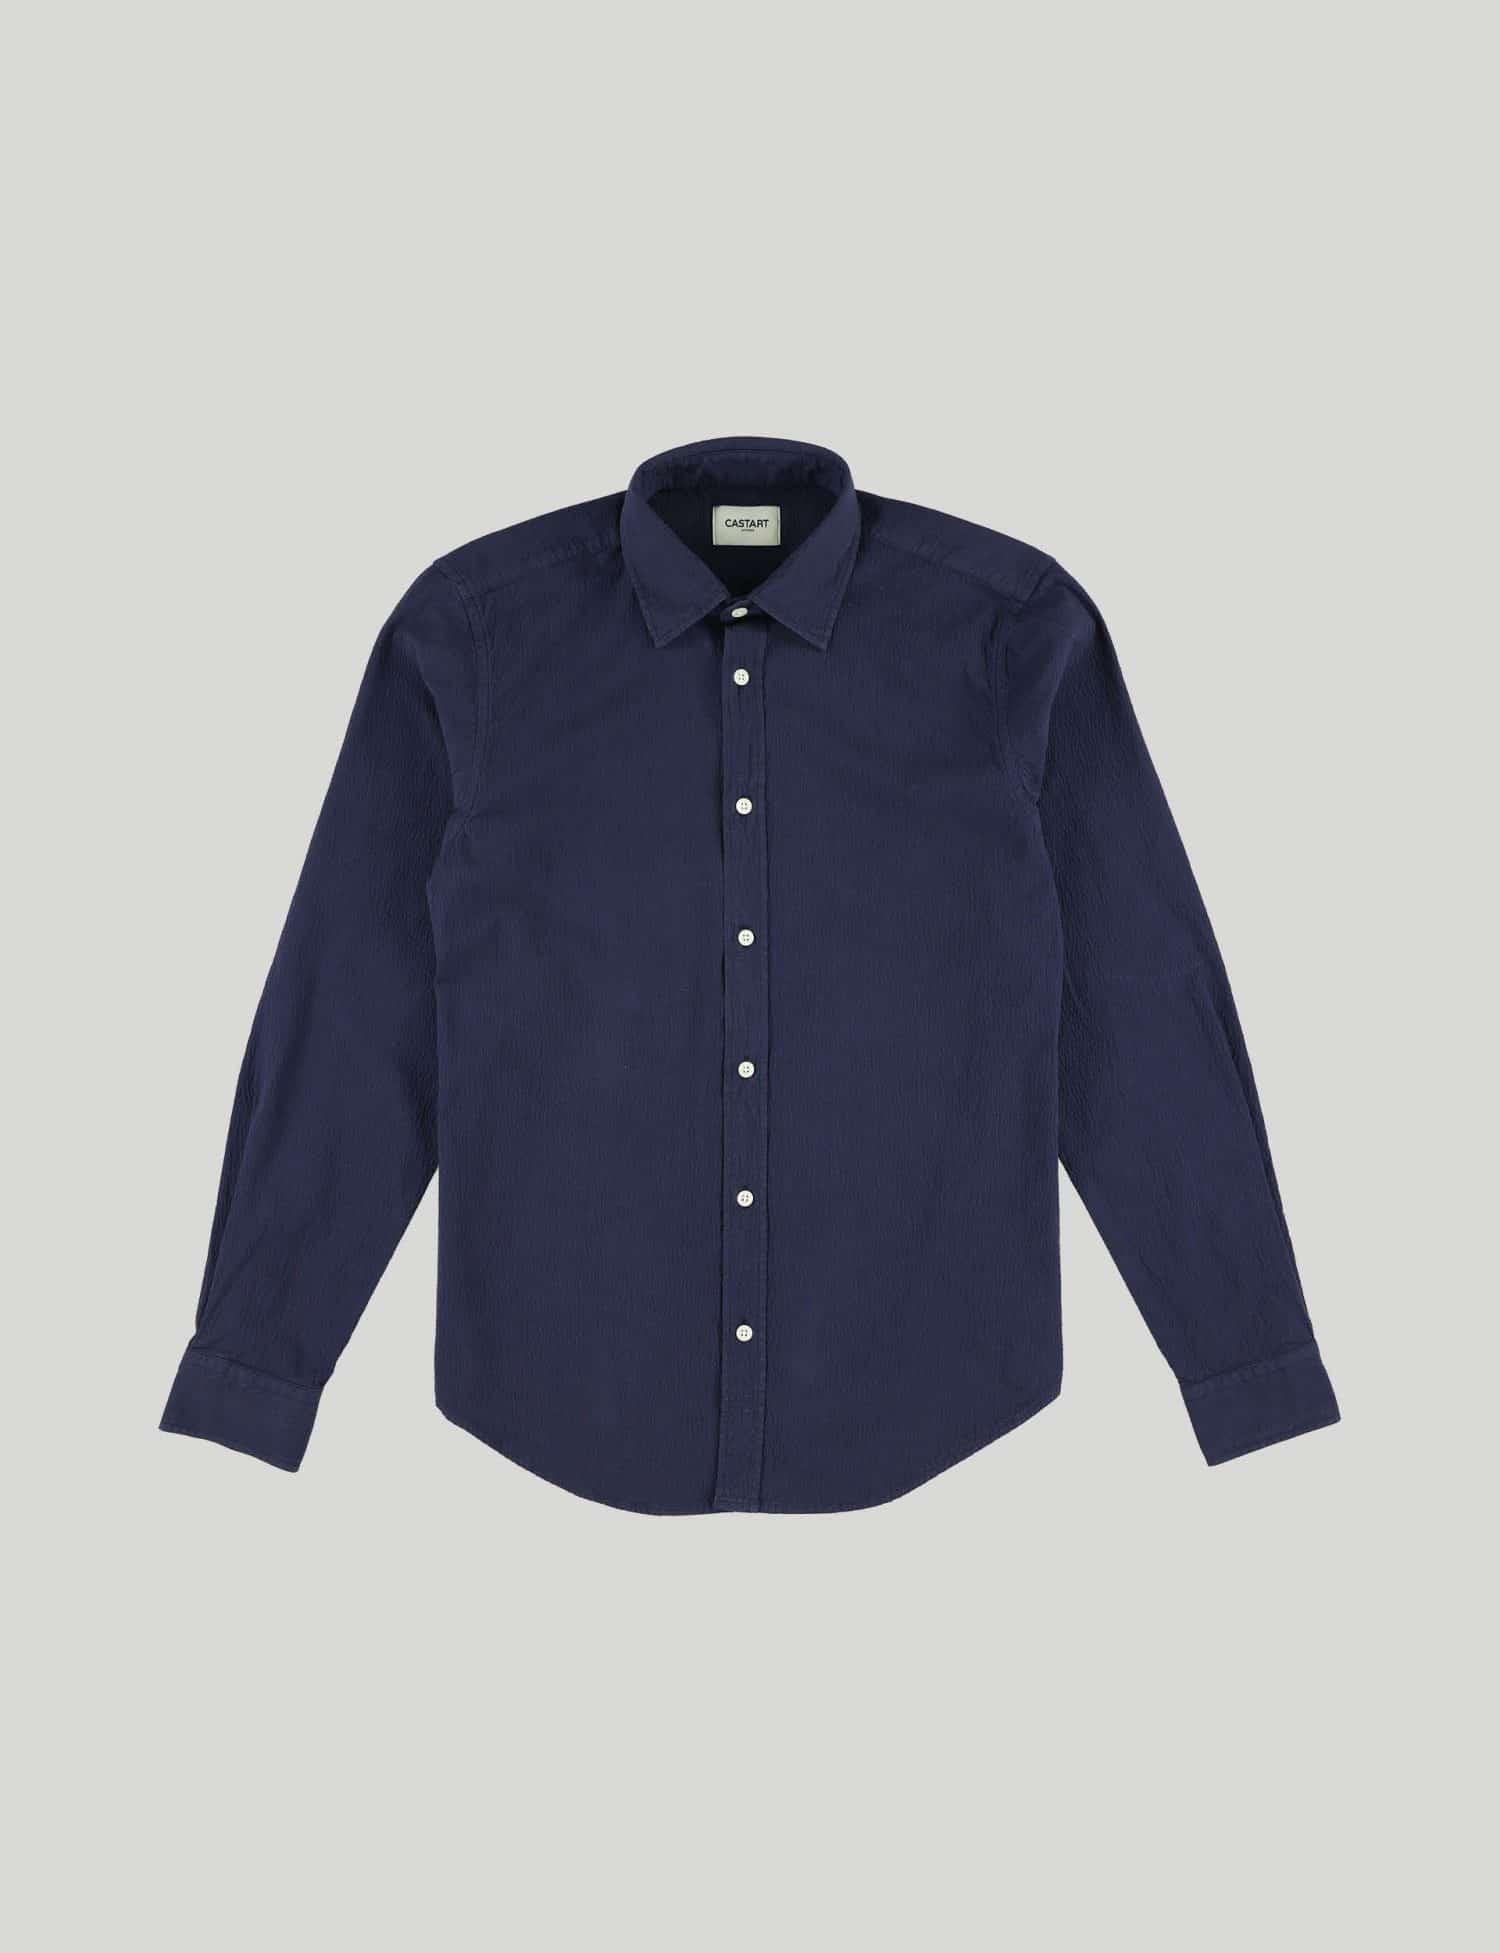 Castart - Tiger Tooth LS Shirt - Navy Blue
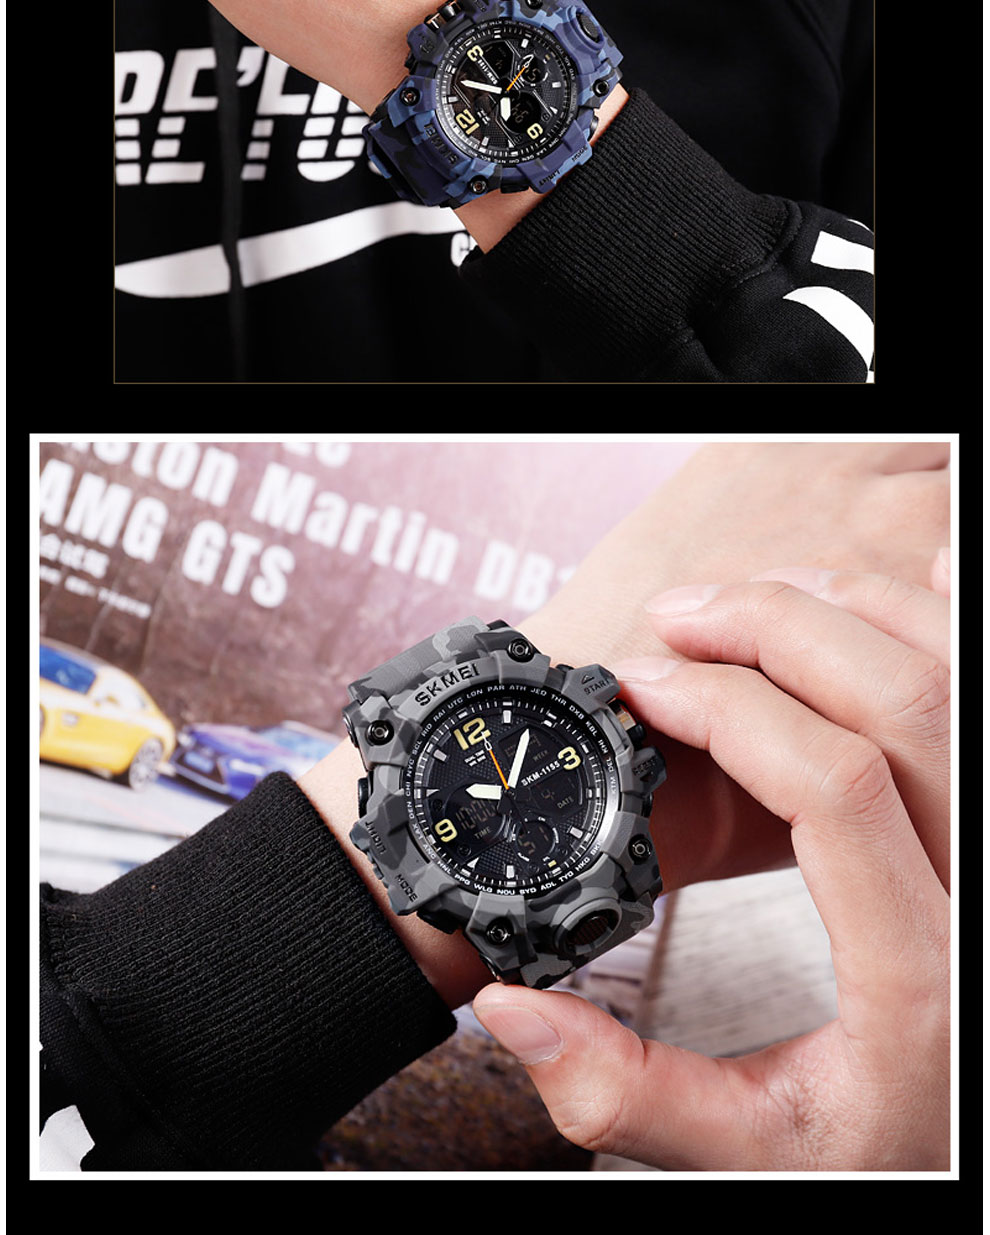 HTB1Li8CRsfpK1RjSZFOq6y6nFXaa SKMEI Brand Luxury Military Sports Watches Men Quartz Analog LED Digital Clock Man Waterproof Dual Display Wristwatches Relogio
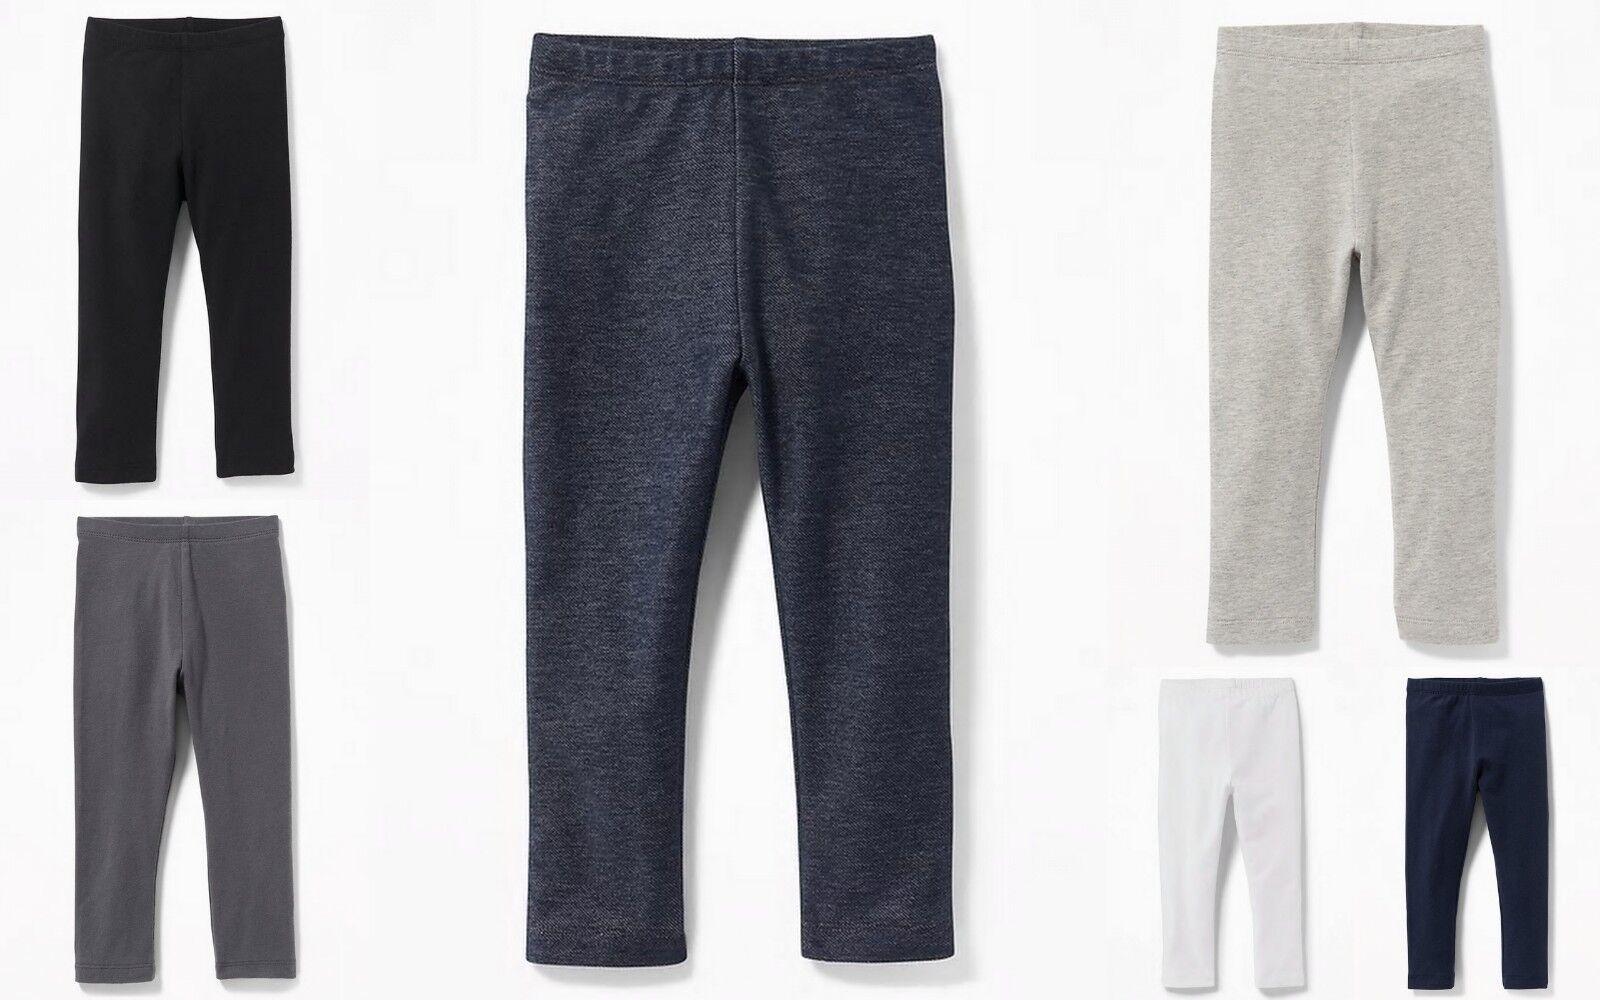 NWT Old Navy Toddler Girls Full Length Jersey Leggings Pants U-PICK 3T 4T 5T

----------

_Goal of the exercise_
With all pictures omitted, return the lines from the line containing "HTB1Li8CRsfpK1RjSZFOq6y6nFXaa SKMEI Brand" through the closing line of the listing above, exactly and inclusive.

_Task answer_
 HTB1Li8CRsfpK1RjSZFOq6y6nFXaa SKMEI Brand Luxury Military Sports Watches Men Quartz Analog LED Digital Clock Man Waterproof Dual Display Wristwatches Relogio
 NWT Old Navy Toddler Girls Full Length Jersey Leggings Pants U-PICK 3T 4T 5T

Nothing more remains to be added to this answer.